Cathi told me, “You can't go with her, Sarah". Then she took a moment to say goodbye alone while I went to shower. I felt loved for the first time that summer, like someone was worried about me -- not like the adult I had tried to make myself become over the previous weeks, when I knew that my mom was dying and I was going to be all alone.

I had clung to one idea that whole time. One teenage heroic mission. My mom was not going to die alone.

My dad and her were estranged, my other sister was in California at camp, and her and Cathi had not spoken in a few years.

I remembered being sick as a little kid and Mom always appeared if I even sniffled slightly too loudly. She couldn't talk anymore and she couldn't see, but I sat next to her, held her hand, and played her favorite Broadway musicals on a tape recorder.

My mom was not going to die alone. She was loved. She was loved. She was loved.

When I came back from the hospital shower, Cathi was getting ready to leave. It was August 1, 1991. My mom passed away holding my hand a few hours later. I did not see Cathi again for almost ten years, in December of the year 2000, when she decided to tell me that she was my mom.

I had met the love of my life shortly before Cathi pulled her big reveal on me. I ran from that love, I was cruel to her, and for years upon years I could not remember her or the conversation I had had with Cathi.

Now, twenty years later, I am remembering all of it.

Piecing together fragments of memory from a fractured life.

My mom (Connie) got divorced when Cathi was 3 and went back to school to get her degree in psychology while Cathi was raised by her grandparents. Connie took Cathi back in right before she met and married my dad.

Cathi was 14.

I have only recently known and understood the level of sick competition that went on for decades between Connie and Cathi.

Cathi felt unwanted from birth, shuffled around, an inconvenience. But as she entered adolescence, she developed the kind of physical appearance that made her feel wanted. She thought she looked like Marilyn Monroe (and she kind of did).

And she resented Connie.

Connie's second husband, Jim, was a Lieutenant Colonel in the Army with two bronze stars, an attorney, and a descendant of the Ball Family of Virginia (making him a descendant of George Washington's mother, Mary).

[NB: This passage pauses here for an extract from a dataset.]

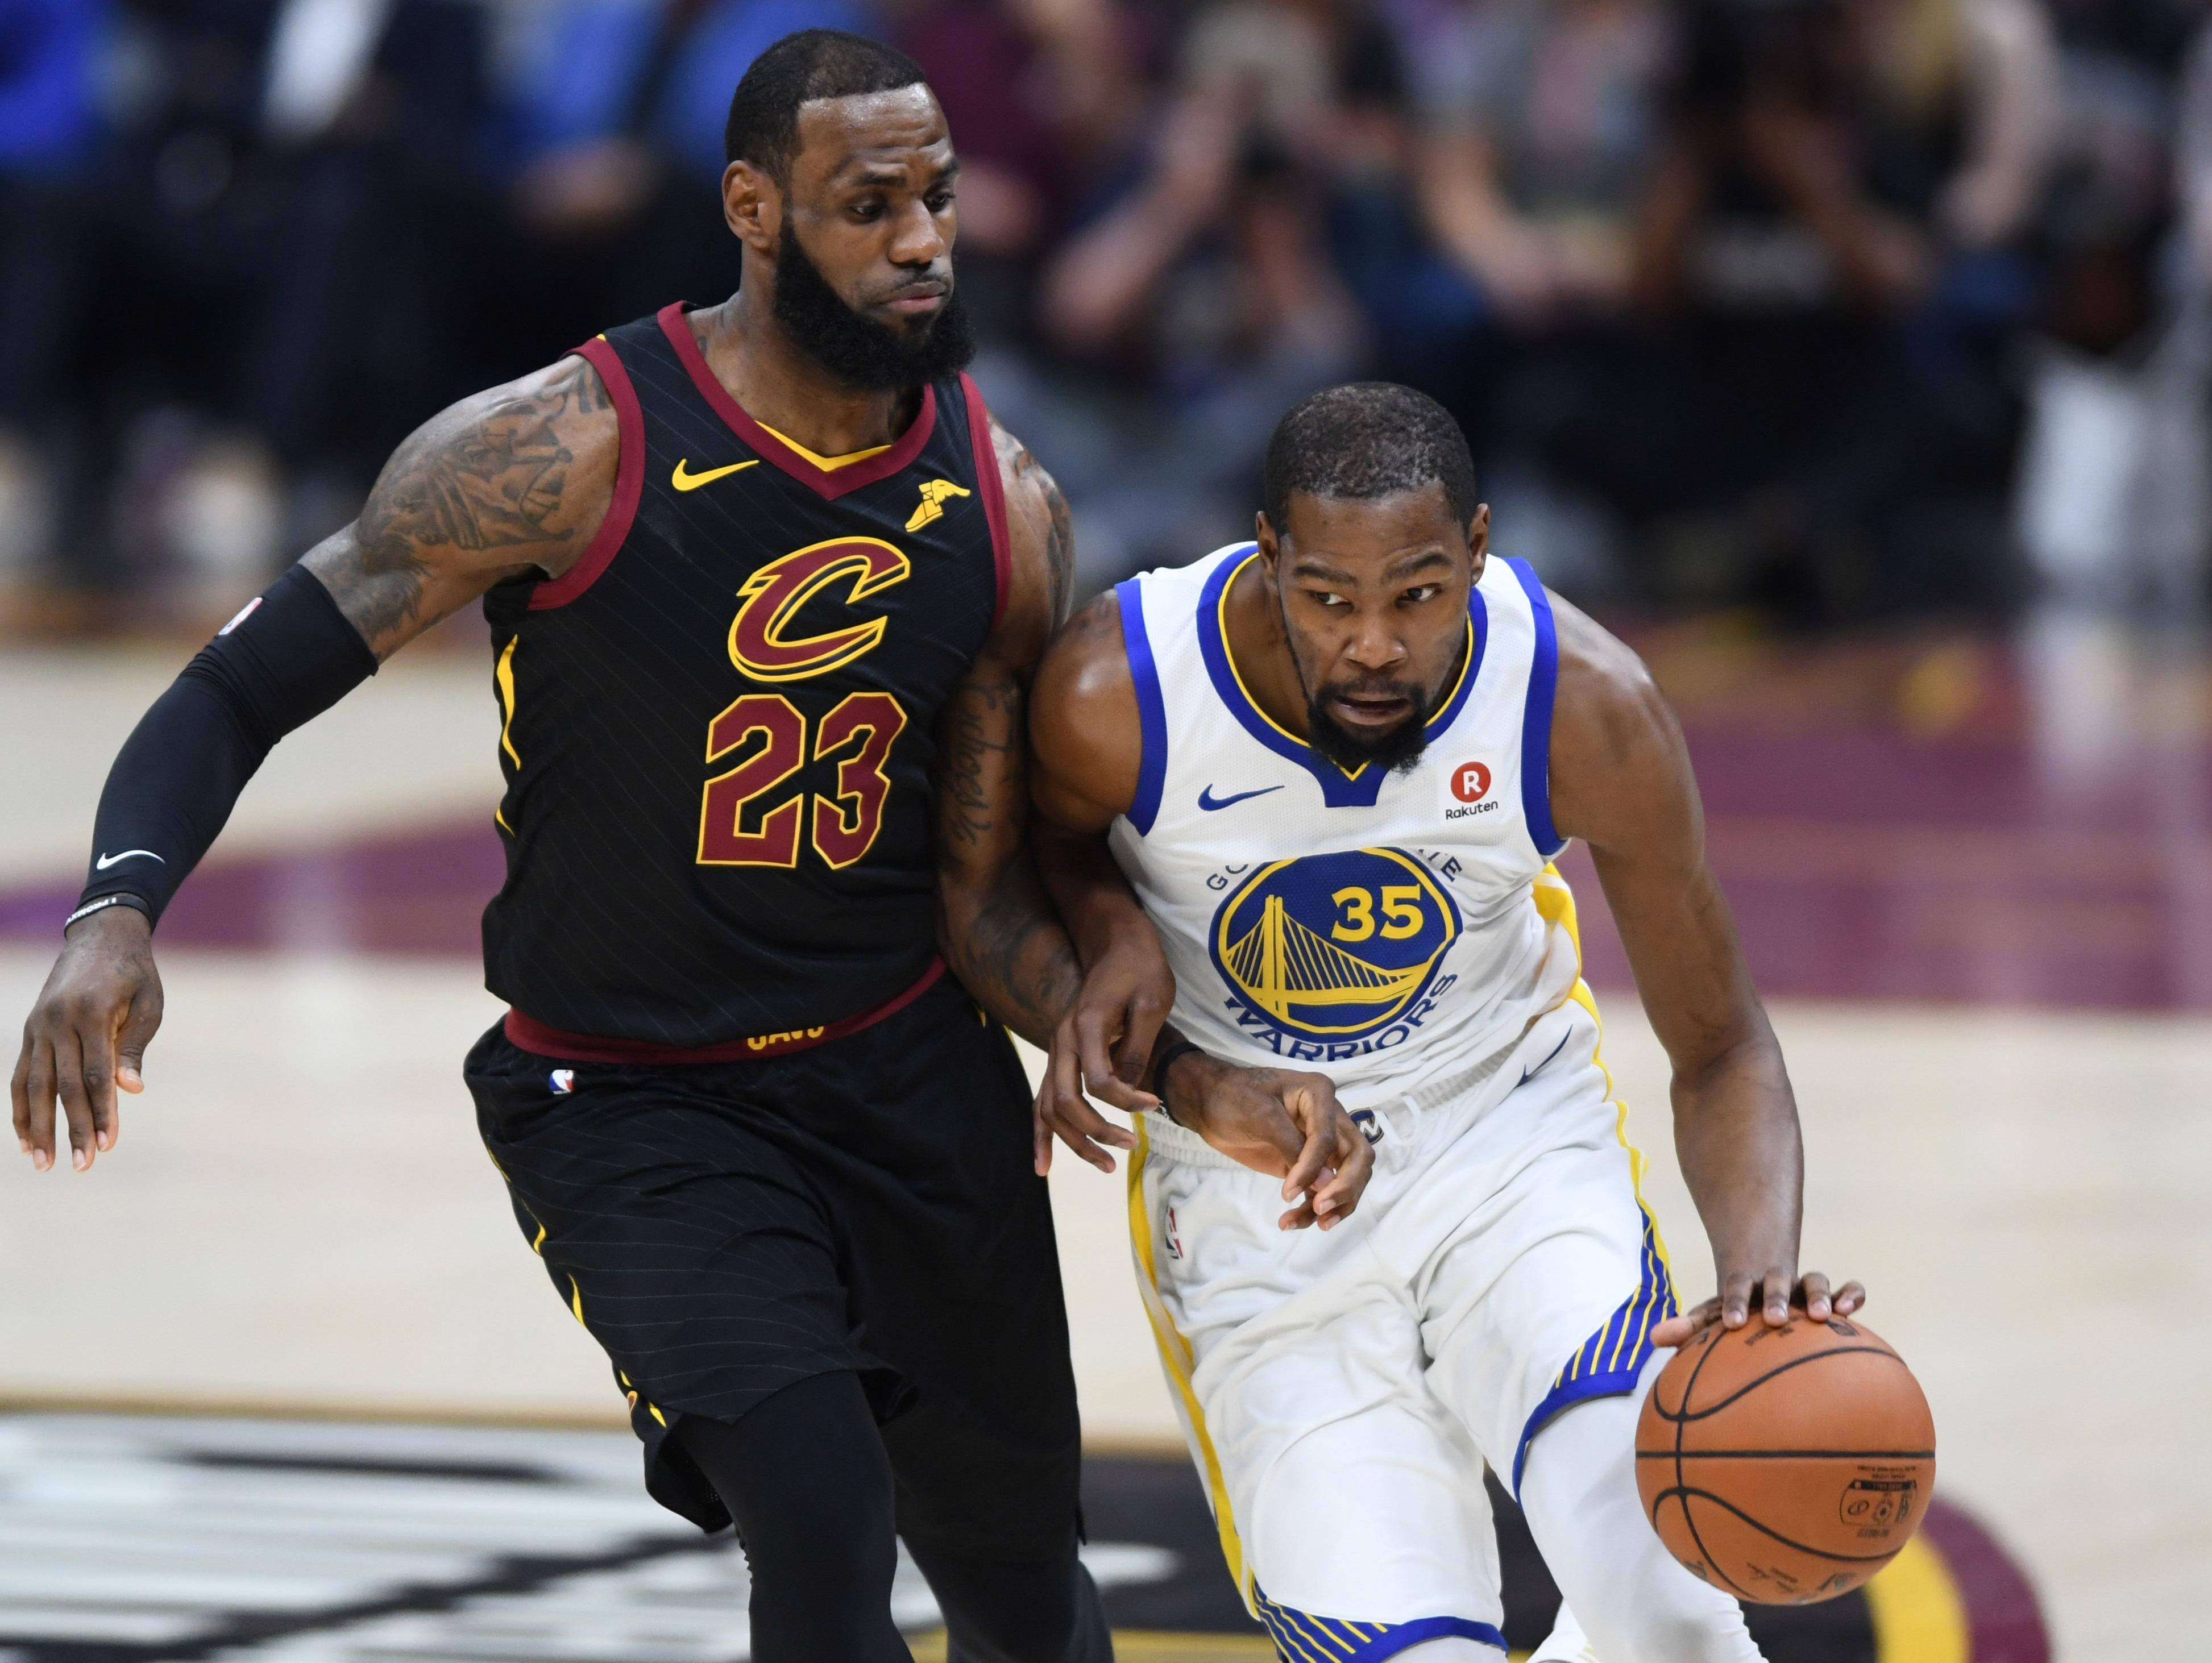 דירוג שחקני ה-NBA: לברון שוב במקום הראשון, דוראנט רק רביעי

He was also six-foot-three, handsome, and could drink more than Winston Churchill (who could drink more than Keith Richards.)

Cathi always joked about my dad having such good genes and then coincidentally somehow wound up settling down and raising her acknowledged-children 2 miles from George Washington's birthplace. She also talked to both of them about me being a descendant of Mary Ball Washington, like it was something she was proud of.

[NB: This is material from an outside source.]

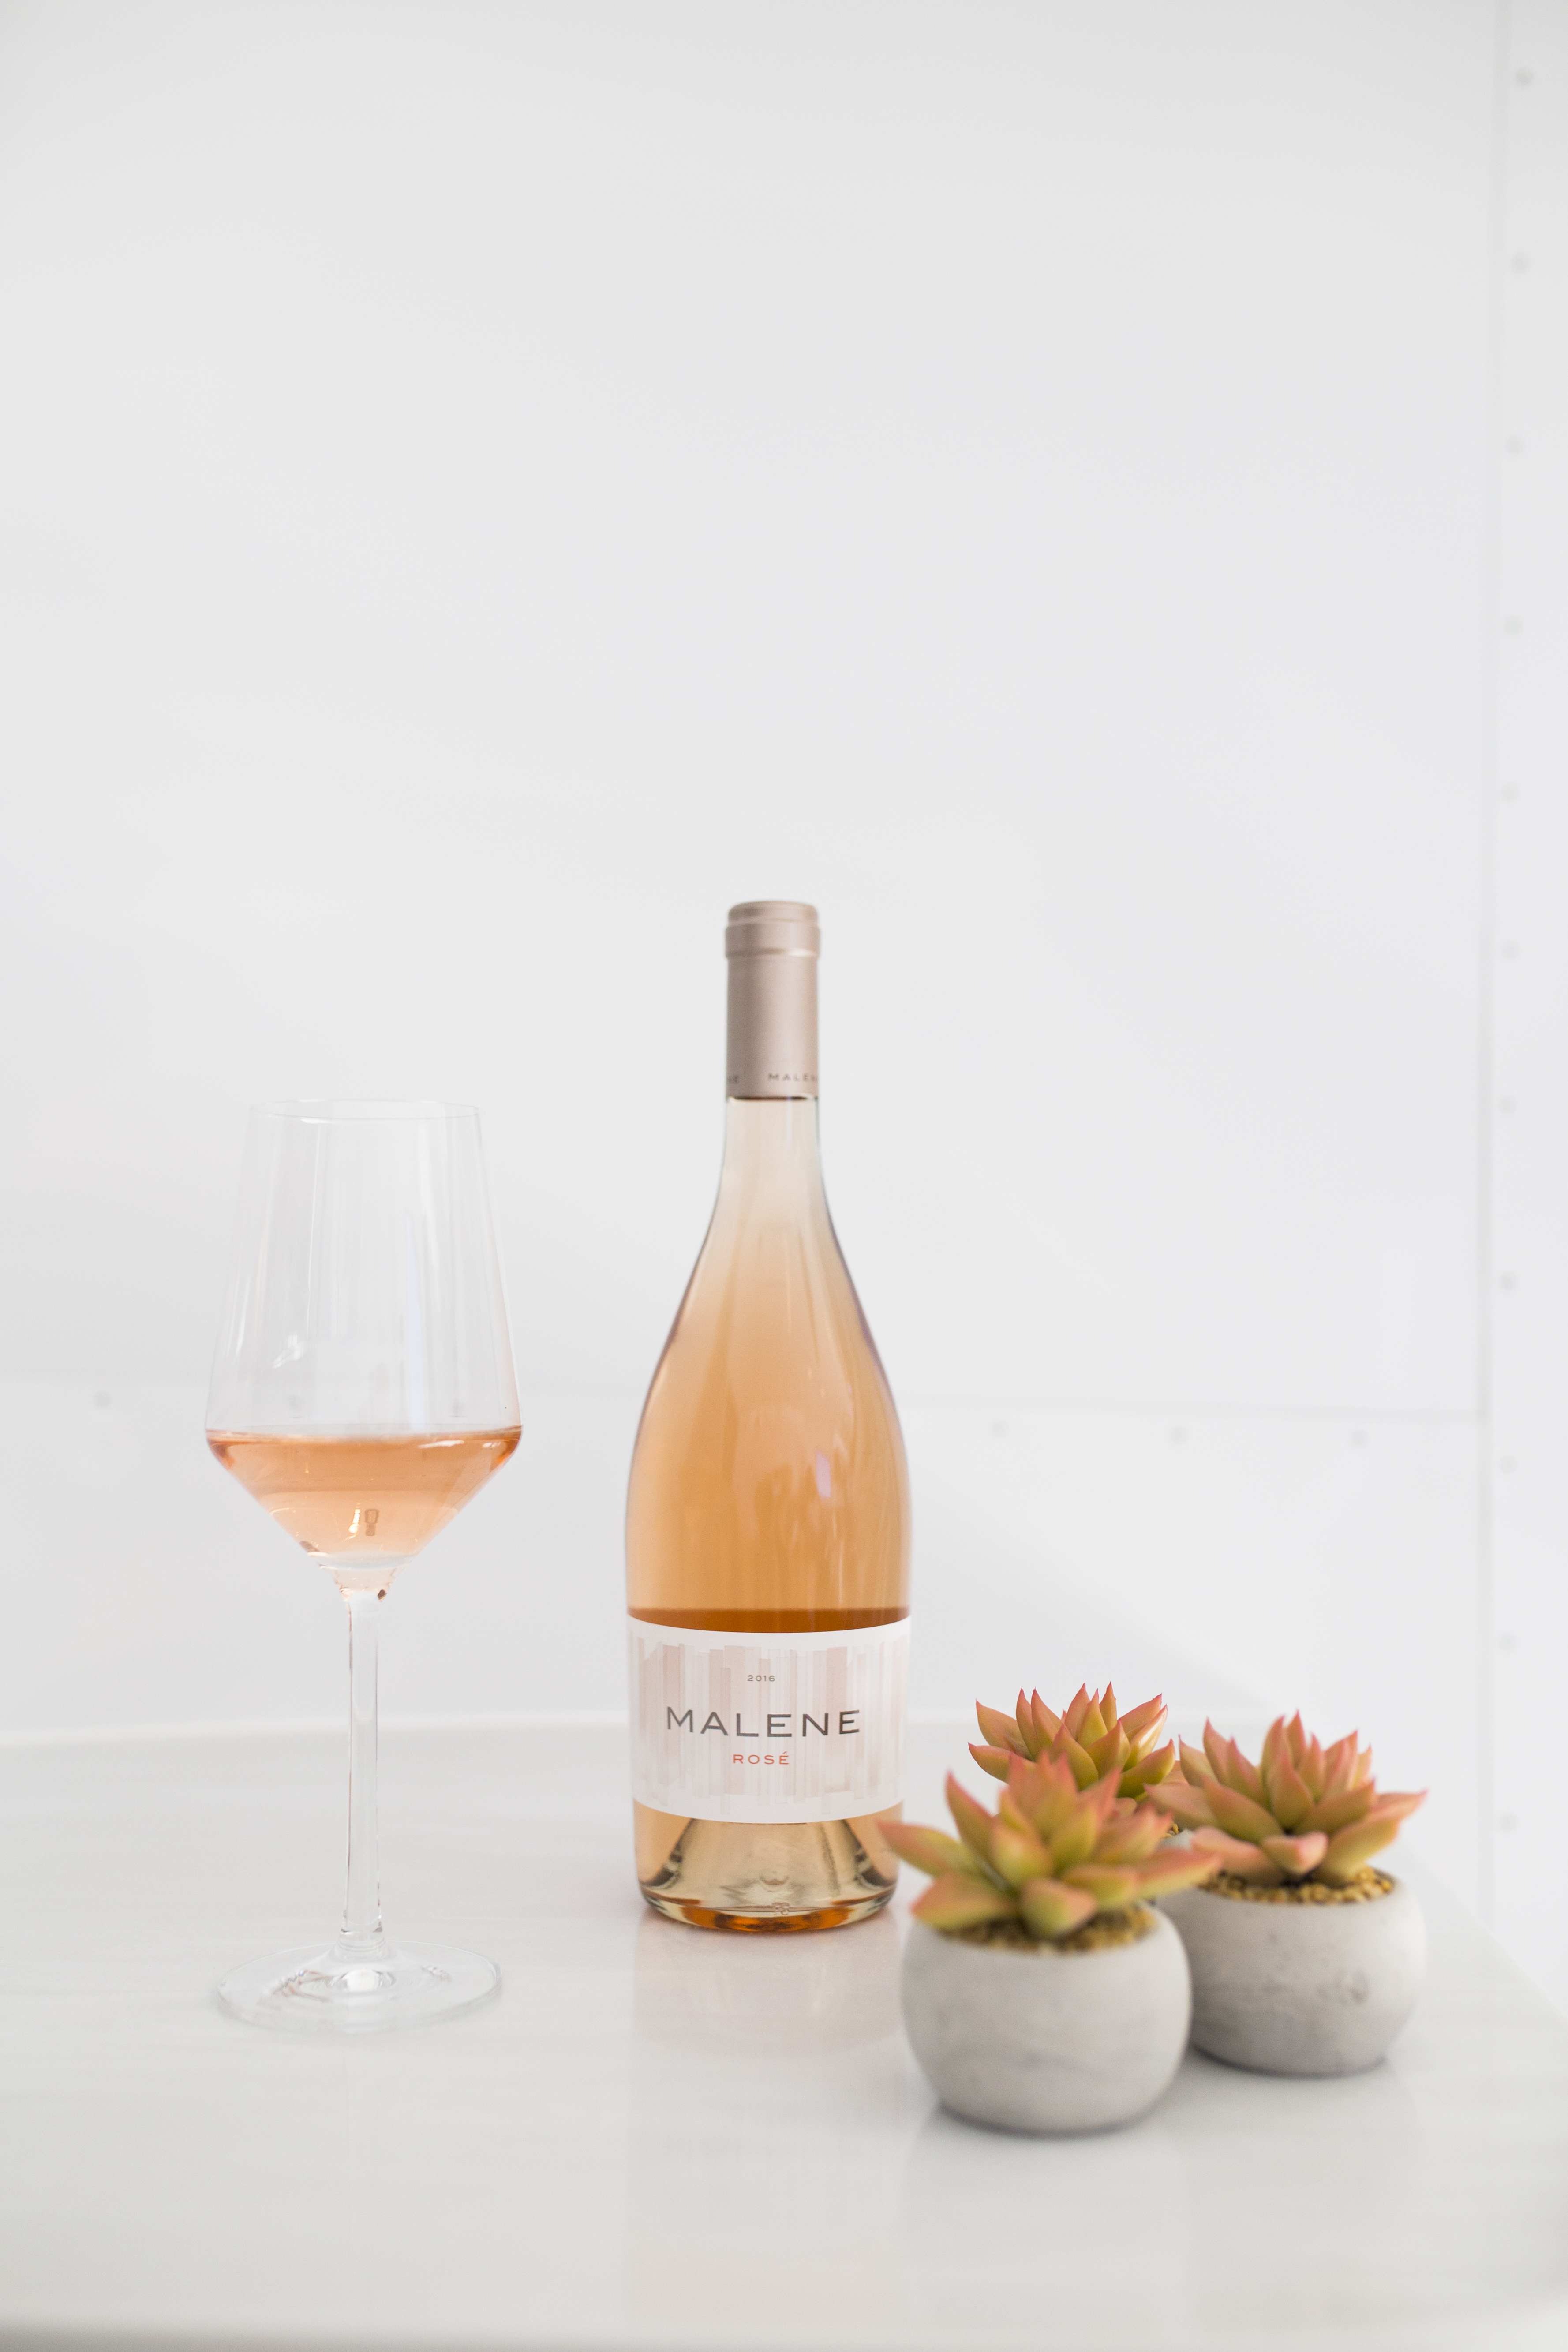 Malene Wine

I shudder in revulsion when I pass the historic signs in this town now. The only thing I got from such an illustrious heritage was a bastard birth, perpetual abandonment, and big ears. (Look up the Ball Family online…those are some ears!)

I know I am the daughter of Cathi and Jim (Connie's second husband) -- the biological product of alcohol-fueled narcissism mixed with the resentment and revenge-seeking of a neglected child -- but that is not who I am.

I am the girl who spent the first twenty years of my life in a web of lies and the second twenty years in some kind of stupor of denial -- unable to love or to live.

I am also the girl who repeated the narcissistic patterns of abuse in my family. Period.

It doesn't matter that it was unconscious, it doesn't matter that I was horribly damaged, it doesn't matter that I was in a fugue state that caused me not to remember meeting and loving someone. None of that matters. The only thing that matters is how I treated her.

I met the love of my life at the worst possible moment in my life and I made her feel like shit and then blocked her and that whole time period so thoroughly out of my mind that I didn't function at all for twenty years or even recognize her when we met again.

She is why I started writing poetry in 2019 … the hope of her talking to me again … the thread that helped me piece my fractured memory back together.

I love you so much, so much I love you.